Are Public Universities for Sale?

FAIRFAX, Va. (AP) — Virginia’s largest public university granted the conservative Charles Koch Foundation a say in the hiring and firing of professors in exchange for millions of dollars in donations, according to newly released documents.

The release of donor agreements between George Mason University and the foundation follows years of denials by university administrators that Koch foundation donations inhibit academic freedom.

University President Angel Cabrera wrote a note to faculty Friday night saying the agreements “fall short of the standards of academic independence I expect any gift to meet.” The admission came three days after a judge scrutinized the university’s earlier refusal to release any documents.

The newly released agreements spell out million-dollar deals in which the Koch Foundation endows a fund to pay the salary of one or more professors at the university’s Mercatus Center, a free-market think tank. The agreements require creation of five-member selection committees to choose the professors and grant the donors the right to name two of the committee members.

The Koch Foundation enjoyed similar appointment rights to advisory boards that had the right under the agreements to recommend firing a professor who failed to live up to standards.

The effort at George Mason is not isolated.  It is part of a coordinated effort to reshape the American university under a Koch sponsored  Association for Private Enterprise Education  (APEE).  According to The Atlantic, four years ago,  Kevin Gentry , a staffer for the Koch’s network  laid out the billionaire brothers’ strategy to spread their views on economic freedom.  He said that the strategy  begins with reaching young minds in college lecture halls, thereby preparing bright, libertarian-leaning students to one day occupy the halls of political power.  “The [Koch] network is fully integrated, so it’s not just work at the universities with the students, but it’s also building state-based capabilities and election capabilities and integrating this talent pipeline,” he said. (quote from  recording obtained by the Center for Public Integrity . 

 The APEE describes itself as “an association of teachers and scholars from colleges and universities, public policy institutes, and industry with a common interest in studying and supporting the system of private enterprise.” Our recent recordings of the APEE 2016 conference included several professors speaking far-too candidly, about how to “take over” curriculum, majors, and hiring, and about using the classroom as “primarily as recruitment grounds” for Koch’s liberty movement.

Speaking to room full of professors, the Koch foundation’s Charlie Ruger was clear, “we want these great ideas of the APEE network to be applied, the way we think about it at least, across sort of an integrated structure of production for culture change,” to include “arranging state legislative testimony to make sure that, you know, these kinds of ideas have a seat on the table in public policy.”



Cabrera emphasized in his note to faculty that the “agreements did not give donors control over academic decisions” — an apparent reference to the fact that the Koch Foundation did not control a majority of seats on the selection committees.n said Cabrera was unavailable for an interview.
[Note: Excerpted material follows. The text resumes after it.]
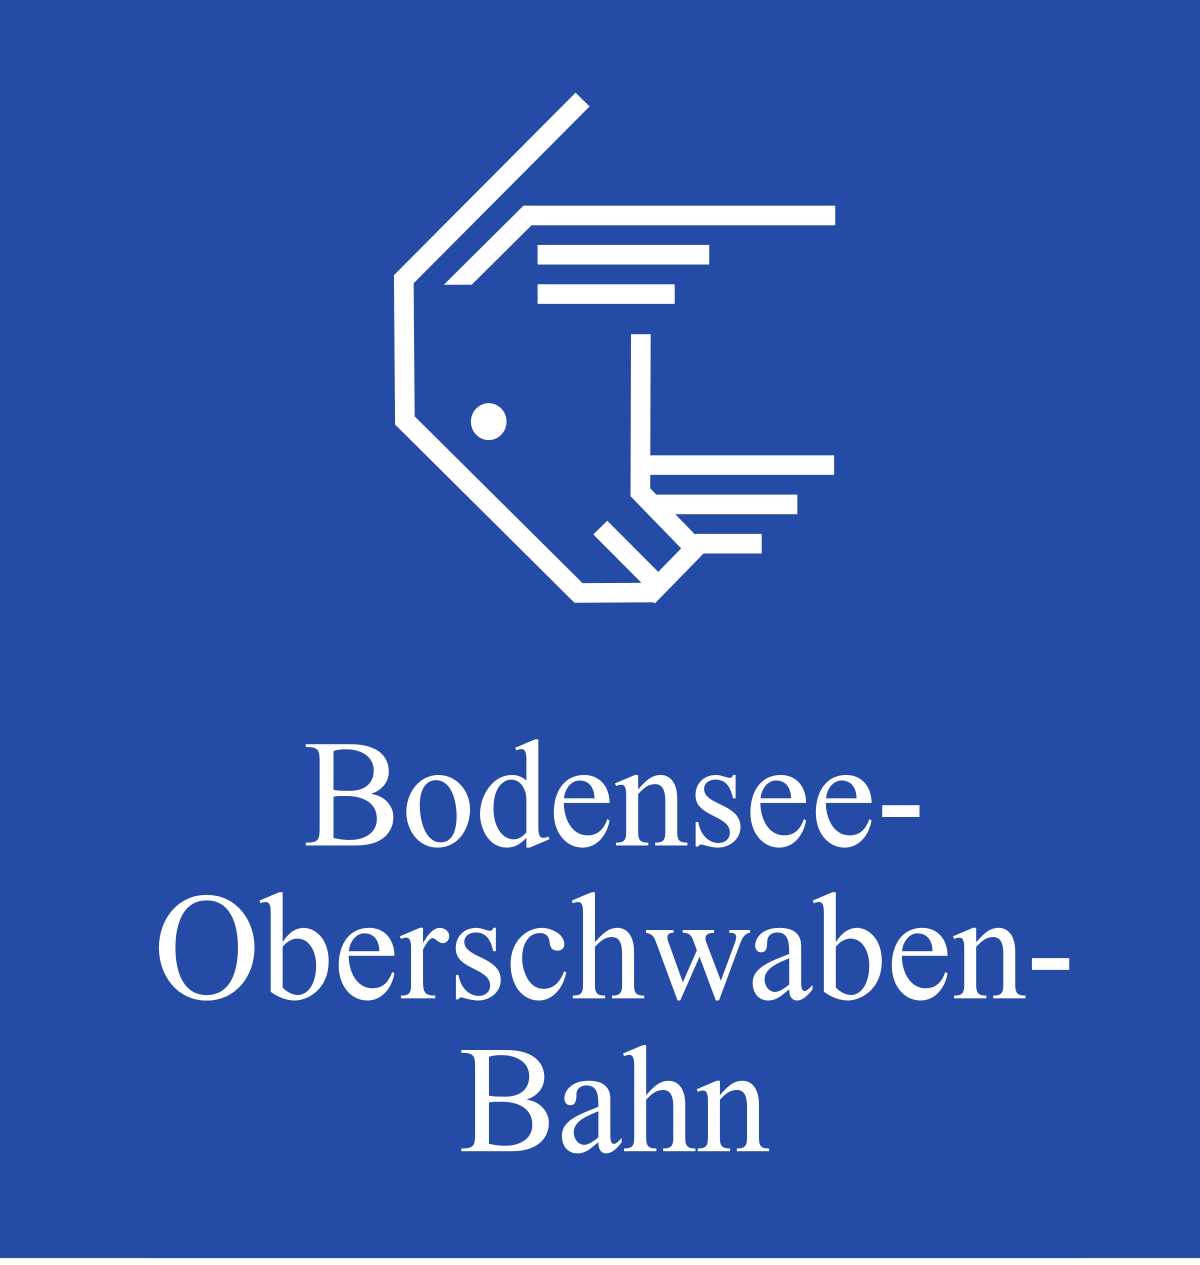 Bodensee-Oberschwaben-Bahn

On Monday night, Cabrera issued a statement saying he is ordering a review of all the university’s donor agreements that support faculty positions to “ensure that they do not grant donors undue influence in academic matters.”


The documents were released to a former student, Samantha Parsons, under a Freedom of Information Act request she filed earlier this year after years of having similar requests rejected. Parsons said the documents are strikingly similar to agreements the Koch Foundation made with Florida State University that caused a similar uproar.

The Koch Foundation issued a statement saying the agreements with Mason are “old and inactive” and that newer agreements contain no such provisions.

“We took criticism of our agreements seriously when similar concerns were raised” about the Florida State deal in 2008, the foundation’s director of university relations, John Hardin, said in the statement.

Mason, which has developed a reputation over the years as a conservative powerhouse in law and economics, has received increased scrutiny about its connections to the Koch Foundation since 2016, when Mason renamed its law school for conservative jurist Antonin Scalia. A 2016 analysis by the AP found that Mason received more money from the foundation than any school in the country.

 Bethany Letiecq, president of the American Association of University Professors at GMU, said in a statement that the documents about renaming Mason’s law school after Antonin Scalia confirm what many faculty have suspected for years.

“Private donors have been provided influence over faculty affairs at our public university,” she said. “This is a violation of the public trust.”

Del. Marcus Simon, a Fairfax County Democrat who helped lead a petition effort in 2016 to block the name change, said he is not surprised to see the level of influence granted to the donors in these agreements.

“The idea that the Kochs are giving money without anything expected in return always seemed a little absurd,” he said.

He said the university should release all of its agreements with the Koch Foundation, including its most recent ones.